I often wonder if I had decided to give up before writing JILTED, if I would have been able to. Now when aspiring authors come up to me and say they’ve been writing for a year or so and have racked up a couple of rejections and are contemplating giving up… I think they want me to say, ‘No, you can do it, keep going and you’ll eventually get there.’ But instead, I say, ‘Yes, you should give up.’ You know why? Because this isn’t an easy career – it might not be brain surgery or rocket science, but it’s gruelling and there are highs and lows even after you’re published that I’m sure aren’t good for your health. (I’m on anxiety medication because of my career, not for any other area of my life).
So, if you can give up, embrace being a reader and get a job that promises a more consistent secure income, then I say DO it. But if you try quitting and you can’t, then you’ll know that THIS is what you’re supposed to be doing with your life. And then, you just need to keep writing, keep believing and eventually I honestly believe you’ll achieve your dream.
But here’s the thing… Those thirteen years were NOT a waste – they helped me hone my craft (which never stops even now I’m published), find my voice and realise the types of books I was meant to write (for too many years thanks to a uni degree in creative writing, I thought I should be writing serious literary fiction, when I really wanted to write something like Bridget Jones’ Diary). Doctors, plumbers, teachers, etc, can’t get the job and earn a living before putting in the hard yards, why should authors be any different? I started at 17 so my ‘apprenticeship’ was longer than some people, but what I’d want to tell my younger self is that there is no rush.

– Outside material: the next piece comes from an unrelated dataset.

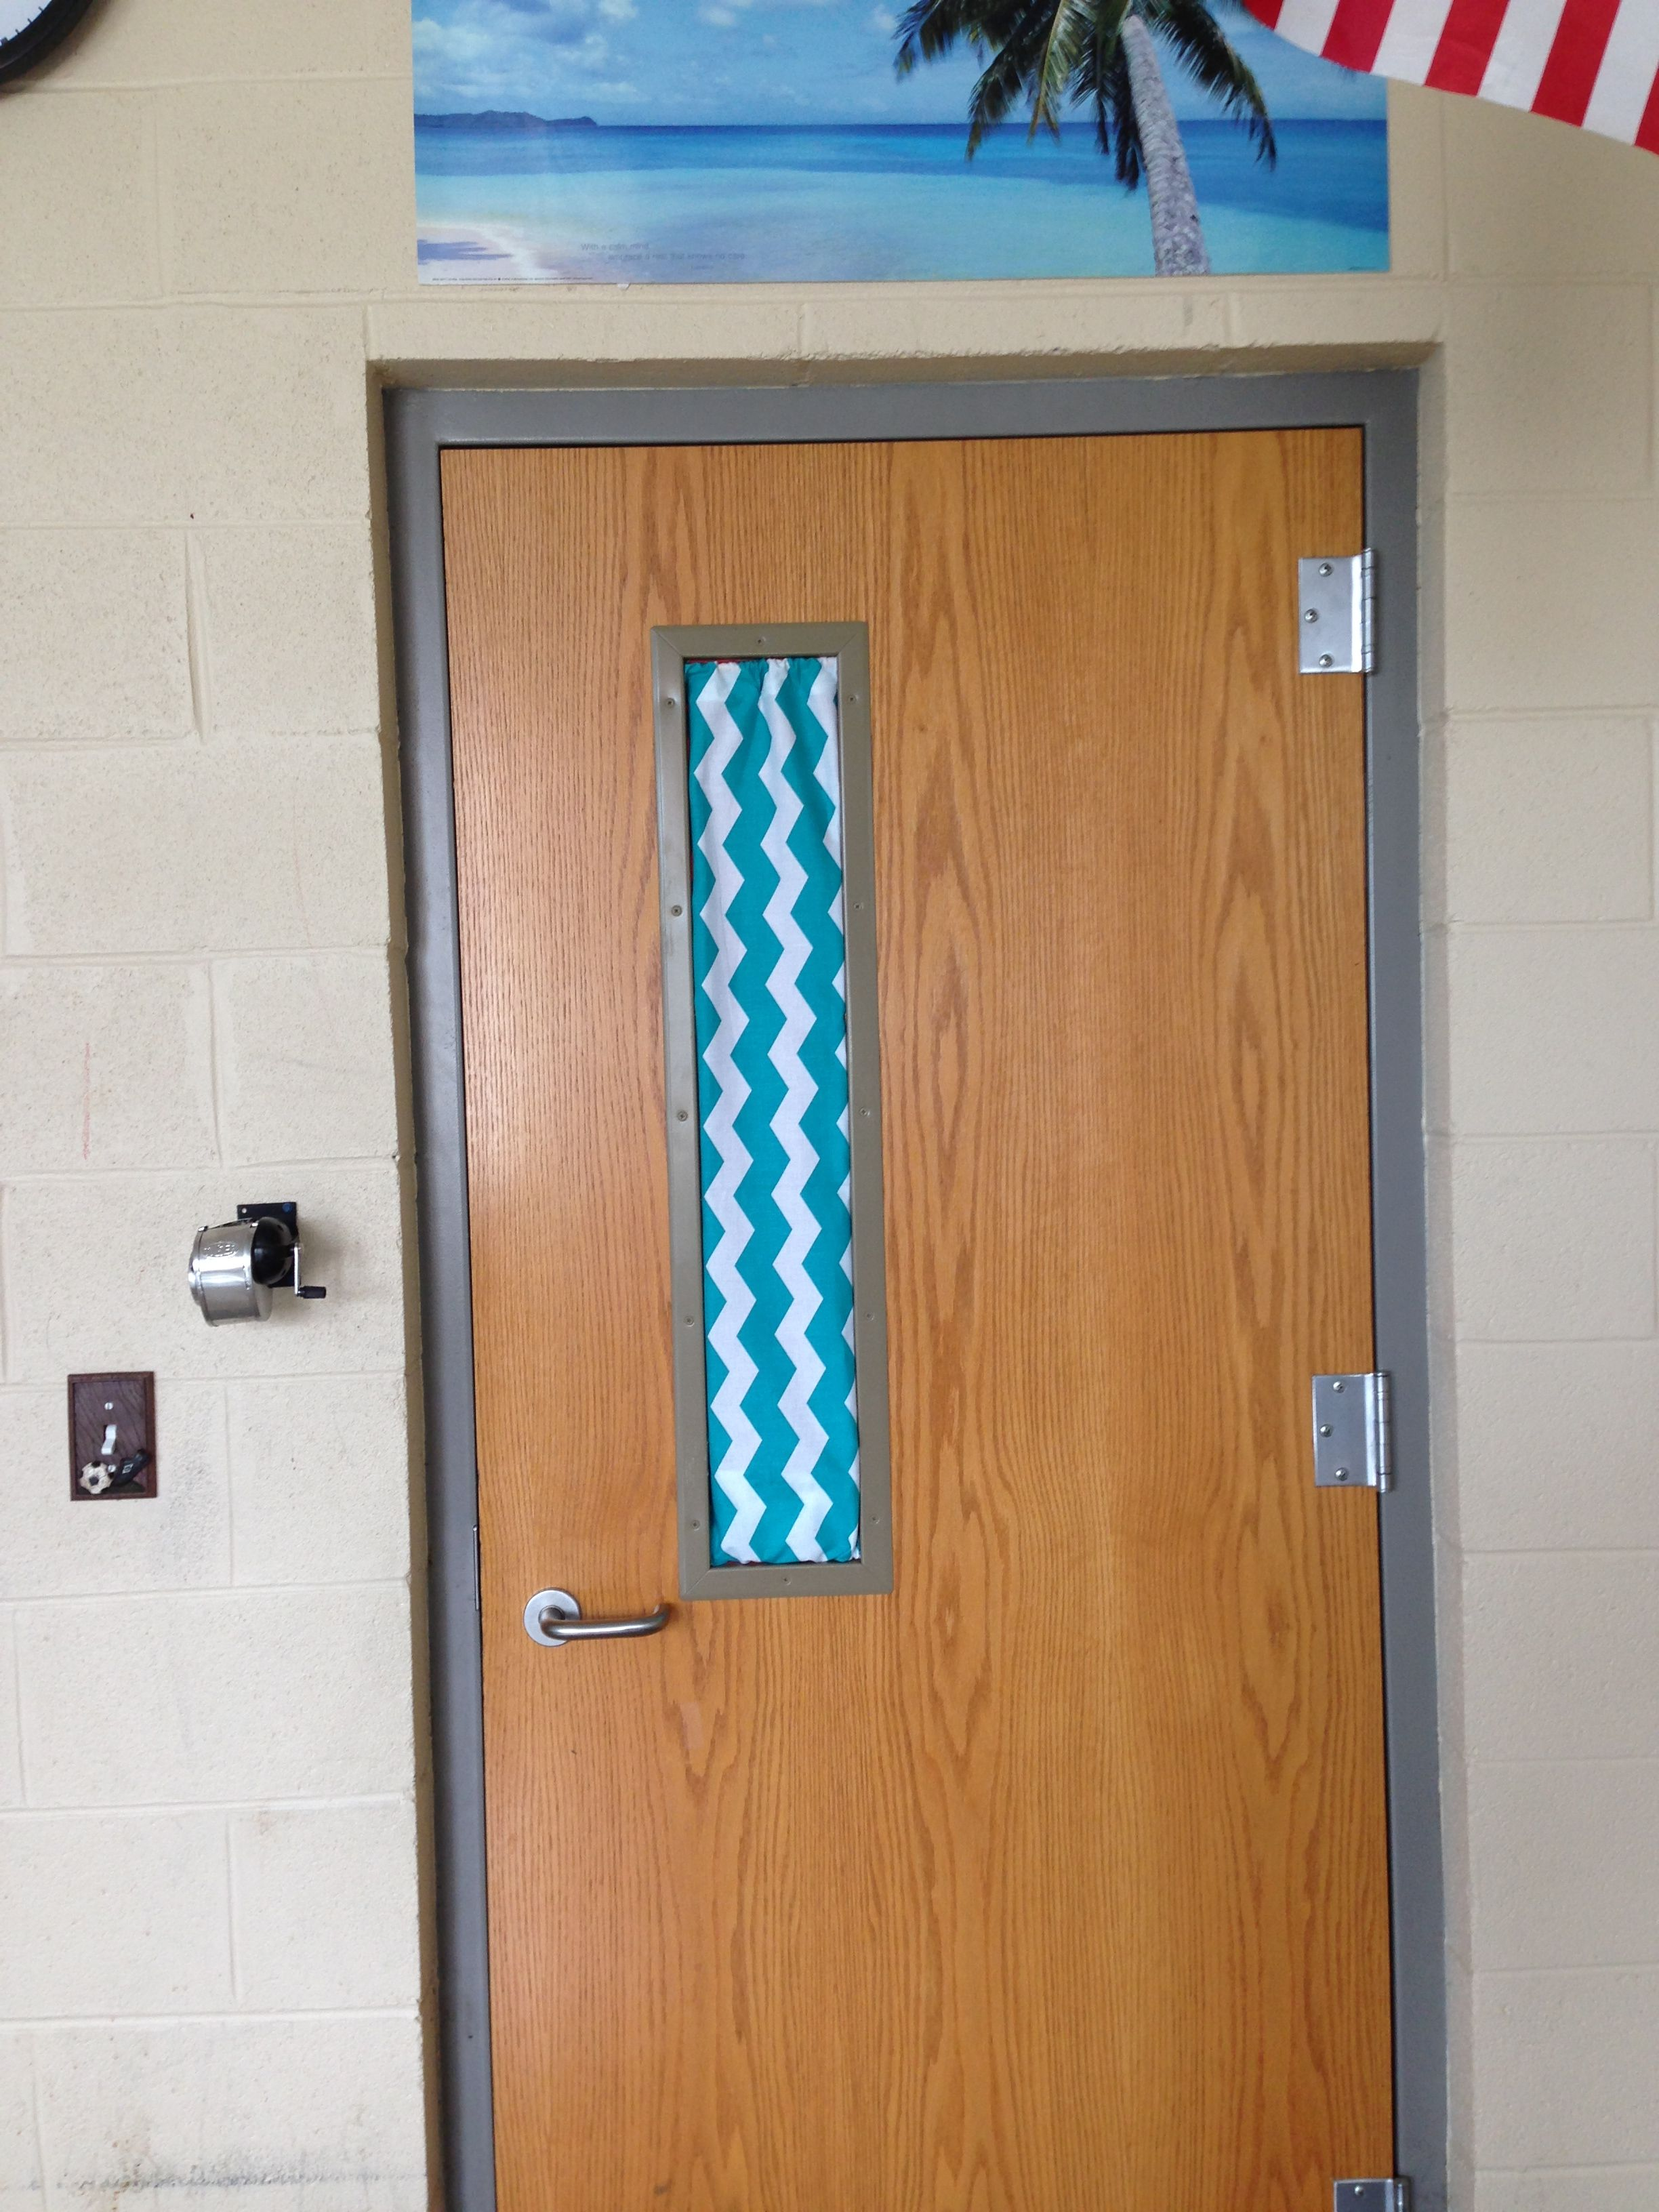 Classroom door window cover!!! I actually used pencils as

I’m glad self-publishing wasn’t an option when I started writing, because young me was desperate for publication and I think I’d probably have decided to self-publish my early stories. But you know what, they weren’t good enough. There was a reason they didn’t get contracted and now I’m glad that they weren’t. I’m not against self-publishing – I have good friends making a great living this way and I read indie published authors who are better than many traditional authors, but I do think too many new writers go this way these days without questioning whether their work is actually ready yet. Whether you’re considering a traditional contract or deciding to indie publish, make sure you’re doing it for the right reasons. You only get one first book!

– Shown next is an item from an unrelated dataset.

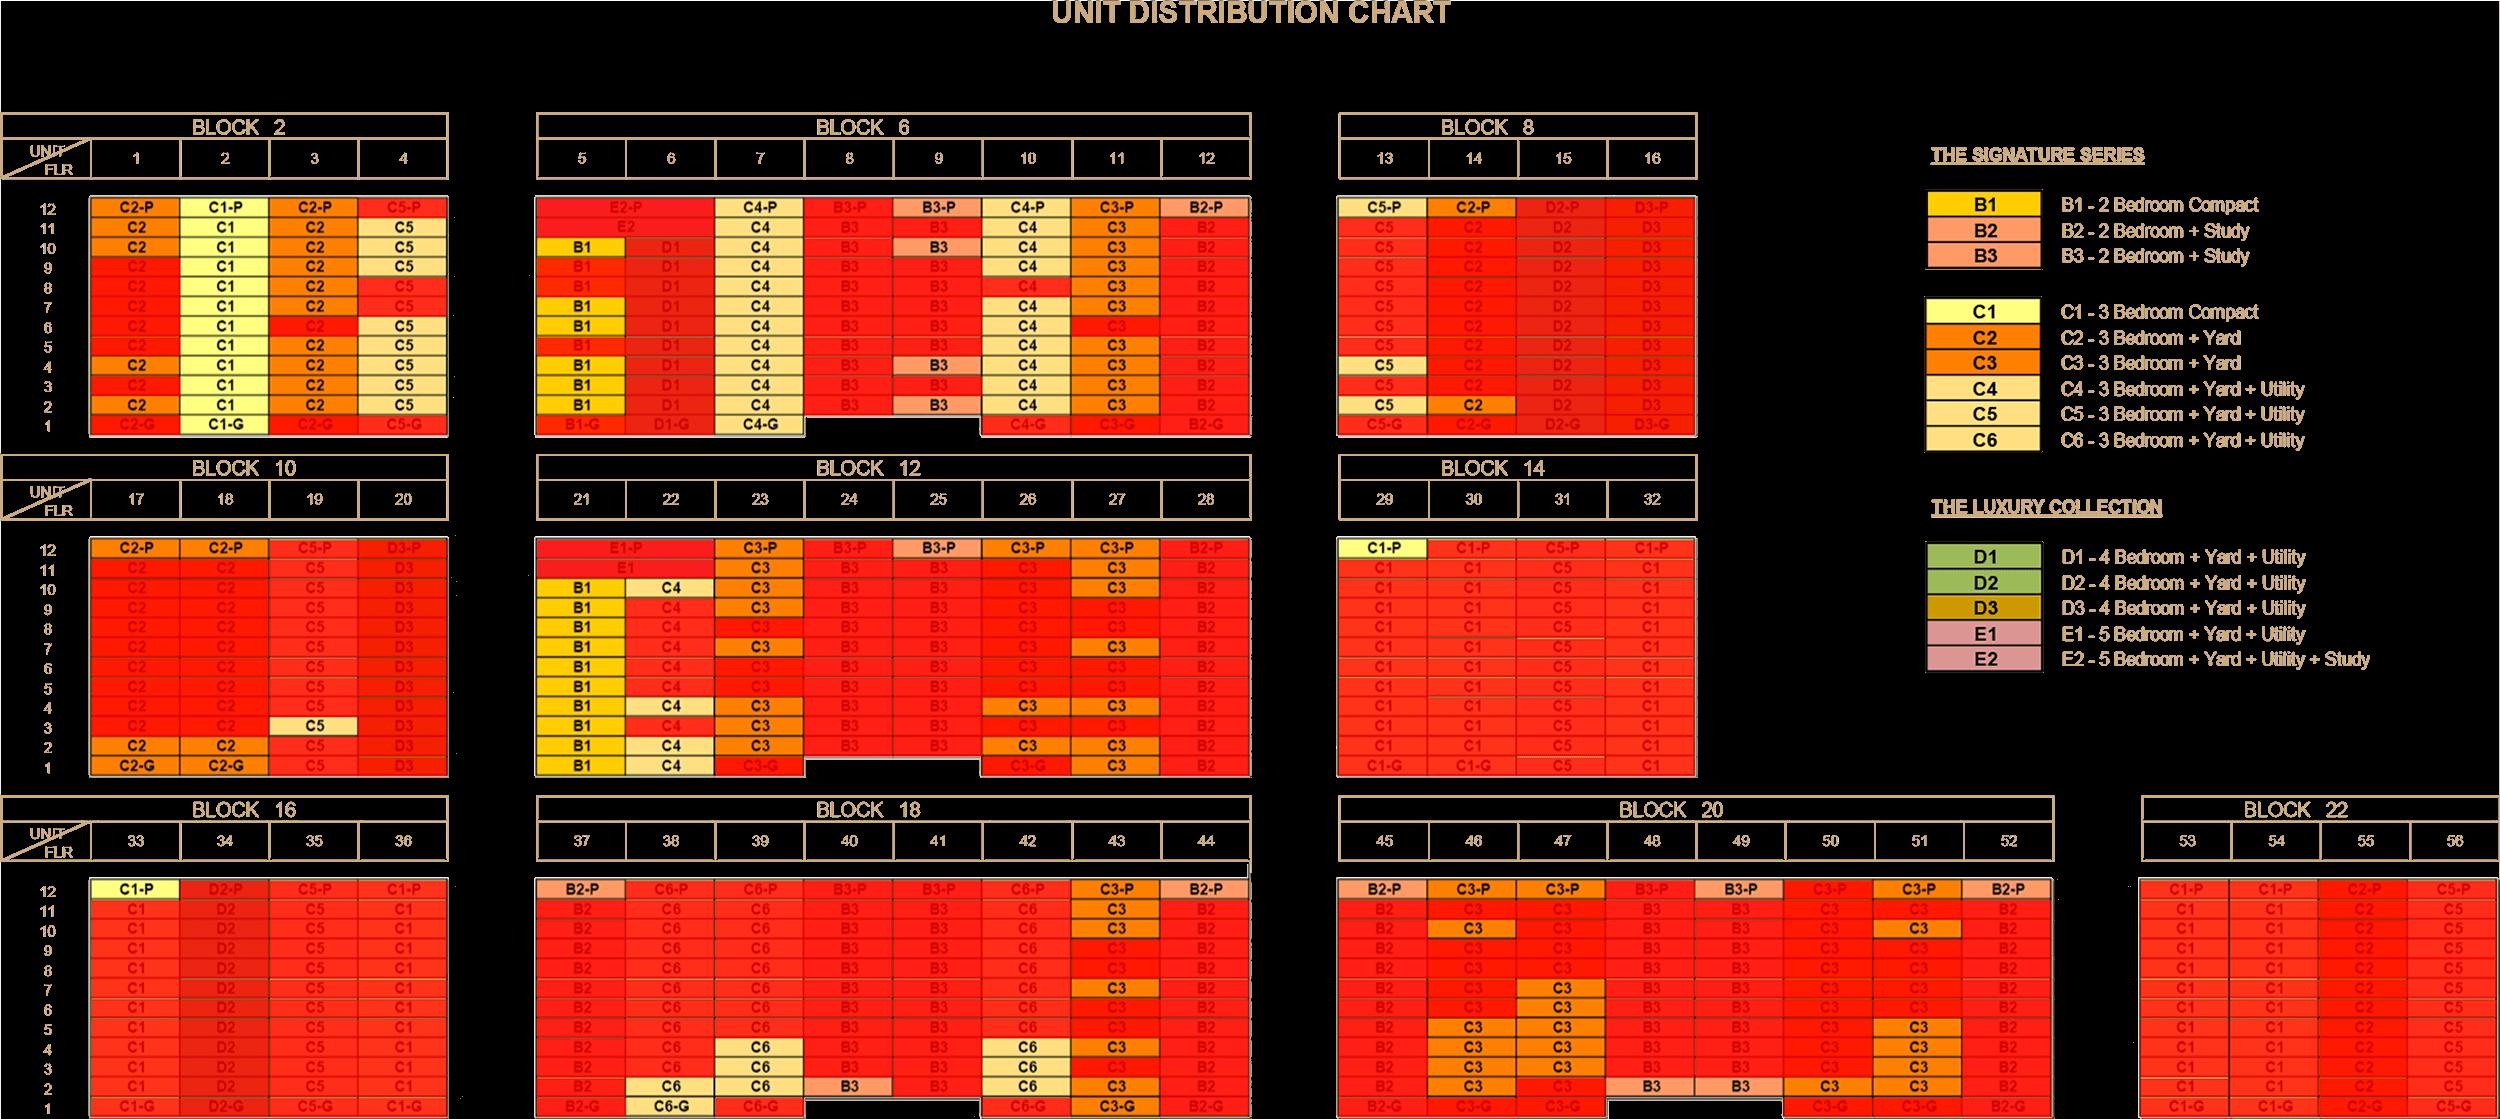 Ki Residences Elevation Chart 11102021

Sorry, this has been longer than I imagined, but here are my takeaways:
Write because you can’t not write.
Write the kind of book you love to read, not the book you think you SHOULD write or might make you money.
Don’t rush. Enjoy the journey.
NB. My first rural romance JILTED didn’t actually end up being my first publication. While I was writing it, I submitted what I call one of my ‘M&B Rejects’ to a new digital imprint, Carina Press and on April Fool’s Day 2011, I got ‘The Email’ offering publication. But it was in rural romance that I finally found my place.
Thanks for the post Rachael, as a reader only, I definitely got something out of it too!
Have friends who have said I should try my hand at writing but personally think writers are born not made and never had the urge to take up the pen. I will always be just a devoted and avid reader, plus the fact I've read so many books in my life, pretty sure I'd be plagiarising someone at some stage!
I think some of the new "tiktok" type self-published romantasy "writers" definitely need the eye of a good editor or a bookish friend to have a word but who am I to judge, they seem to be very popular so good luck to them. Although I can't help but think of a quote by Christopher Hitchens (American journalist):-
"Everyone has a book inside them, which is exactly where it should, I think, in most cases, remain.”
😊
Oof, this was also my writing journey. I gave up writing for good after seven years of rejection, and that lasted four months before I started again because I couldn’t stop. Took me three more years before I got a contract though!